The dry list of particles that I have introduced in this chapter raises the question of why. Is there a deeper reason for the list to b
e populated in just that way, by just those particles, with just those masses, electric charges and spins? And is there something magical about four (really three) basic forces rather than five, or fifty, or five hundred? Also, what is the point of having not merely an electron, but its two heavier cousins – the muon and the tau – extras that accomplish little more than vanishing in a fraction of a second? Is there an abstract mathematical subtext that threads these subatomic splinters into a coherent unity – string theory perhaps, or some other branch of mathematics awaiting a flash of inspiration by a future generation of theoretical physicists? Or might the universe simply be an arbitrary ragbag of components thrown together, which, merely fortuitously, proves sufficient to coax thinking, bewildered beings into existence?
19. Fossils from the Cosmic Dawn
Cosmology’s golden age began with a picture, and a rather unprepossessing one at that.
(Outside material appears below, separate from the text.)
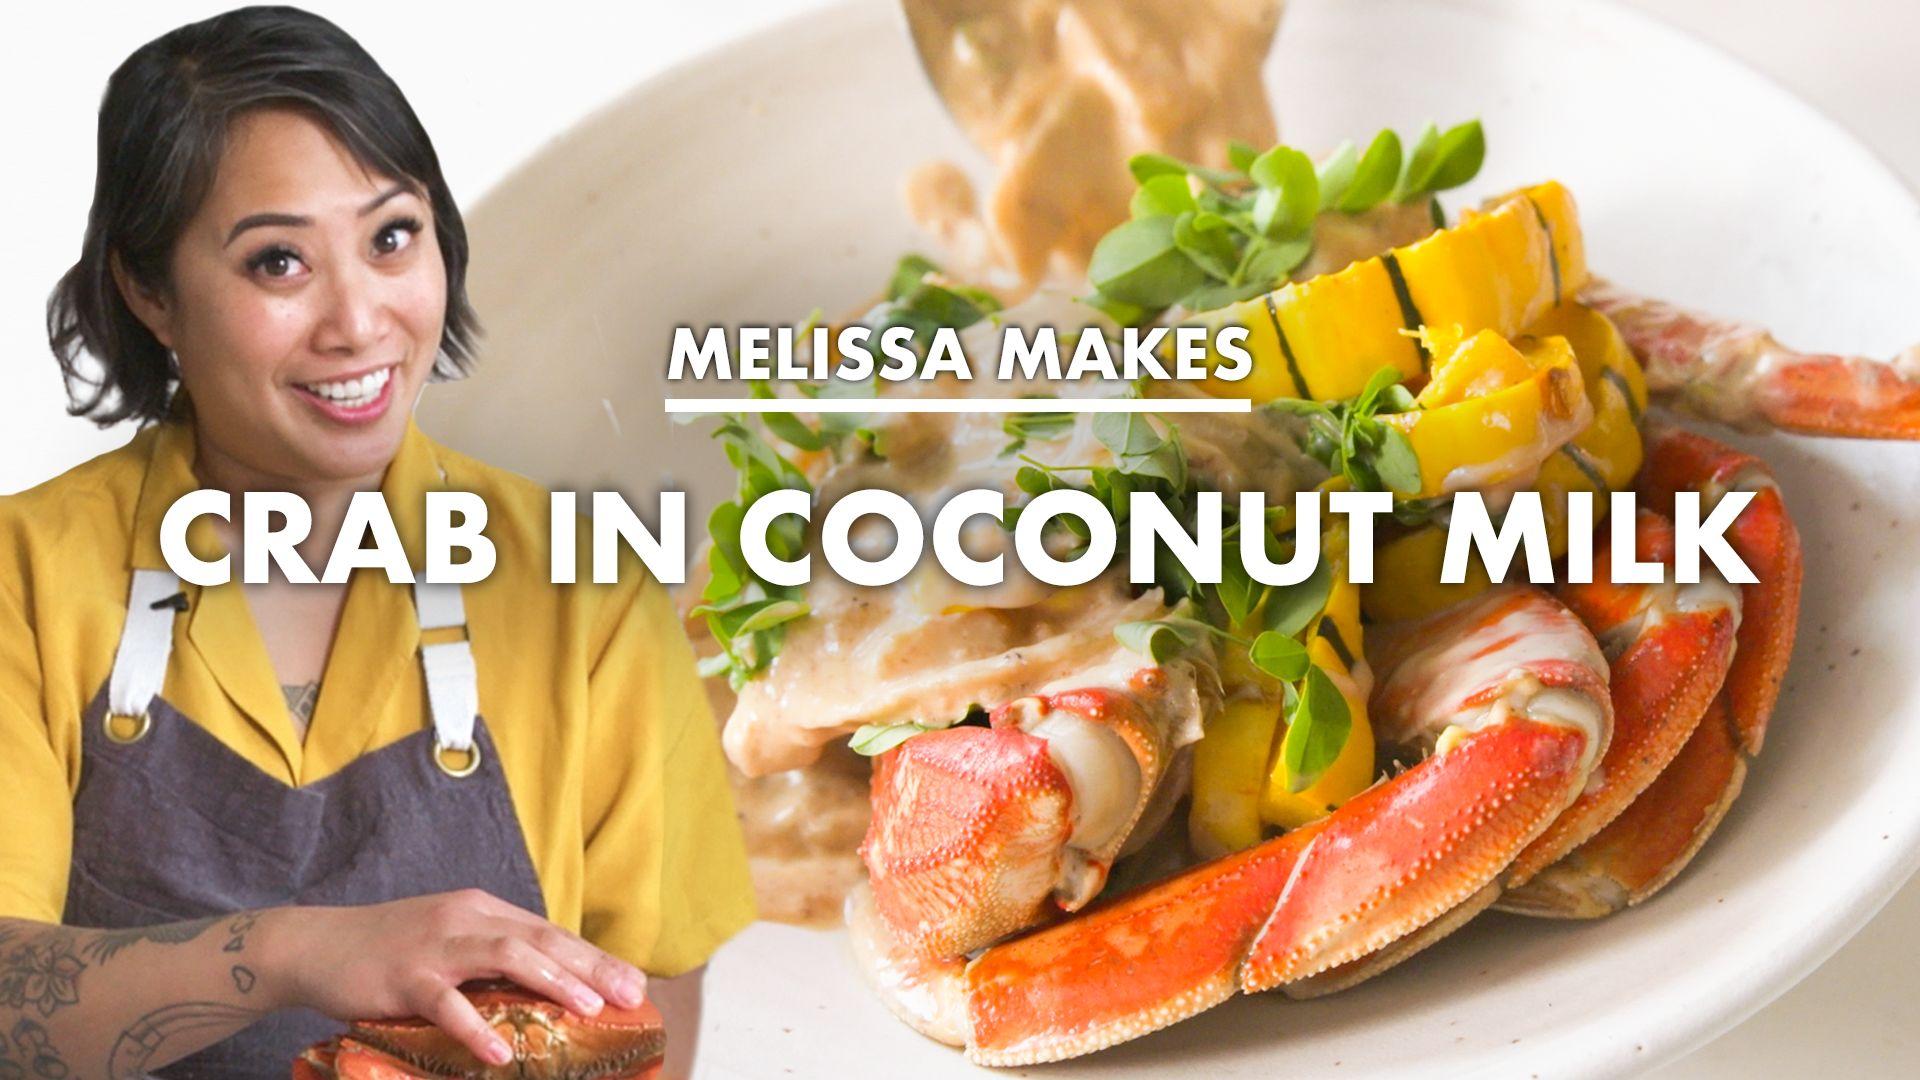 Watch From The Home Kitchen Melissa Makes Crab In Coconut Milk Ginataang Alimasag Bon Appetit Video Cne Bonappetit Com Bon Appetit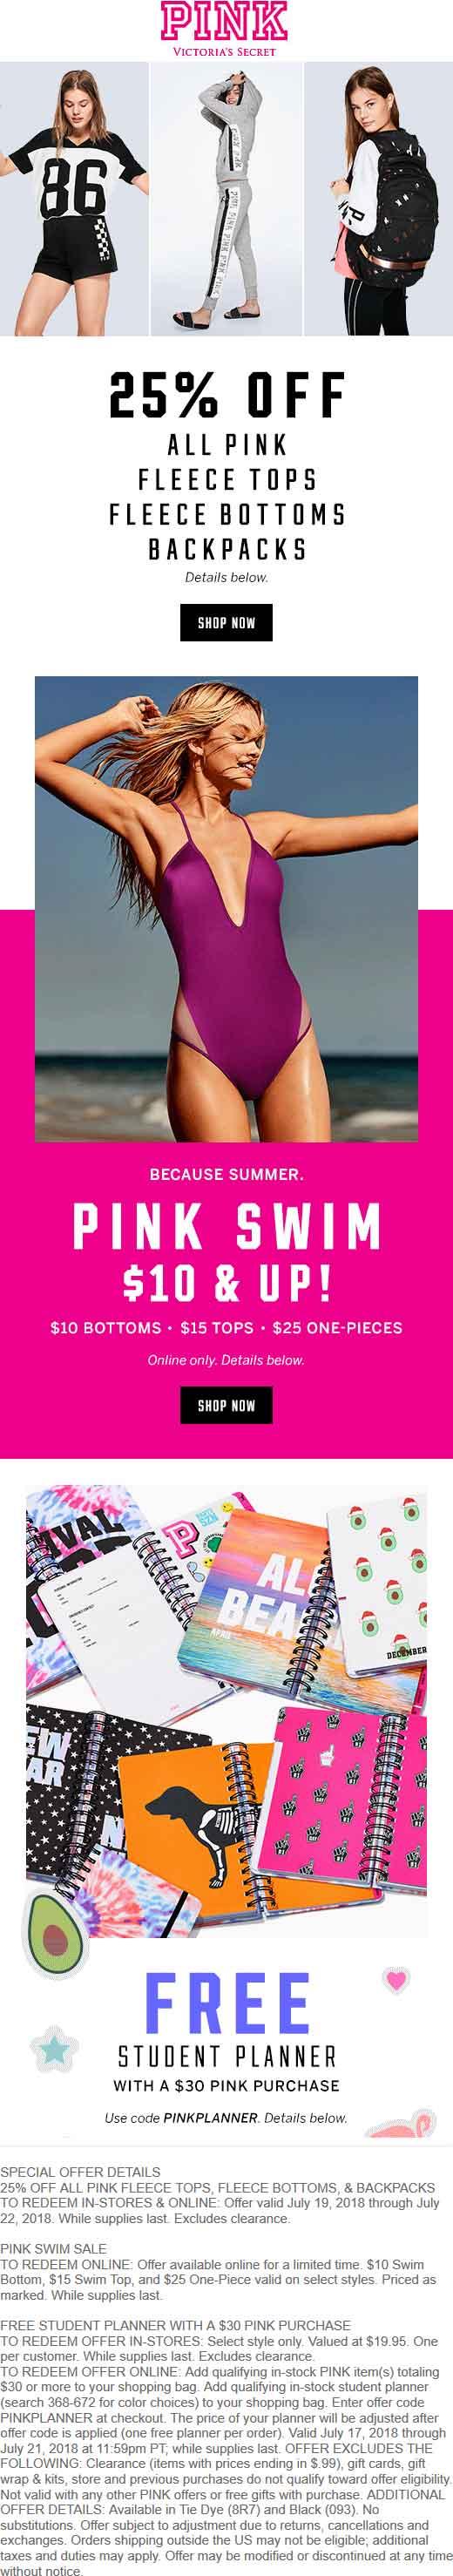 VictoriasSecret.com Promo Coupon 25% off fleece & backpacks + more at Victorias Secret PINK, ditto online

The blotchy panorama of the sky created by COBE (Figure 1, p. 1) can’t compete with the images from the Hubble Space Telescope, or the high-resolution close-ups of the planets taken by space probes. But what COBE’s output lacked in visual appeal, it more than made up for in significance, for when studying that picture, we are in a very real sense looking directly at the primordial furnace itself. The light from the nascent universe imaged there has travelled to us for over 13.7 billion years, during which time it has remained largely undisturbed. That means the CMB is a type of fossil: fossilized light. To be sure, that light has been stretched in wavelength a thousand times, but it’s still distinctive, the graceful profile and purity of its spectrum immediately recognizable. Contrast the pristine CMB with the corrupted fossil remains collected by palaeontologists, from which they try to reconstruct a plausible narrative. There’s a lot of guesswork involved, because palaeontologists can’t physically see the past in the way astronomers can directly see the birth of the universe.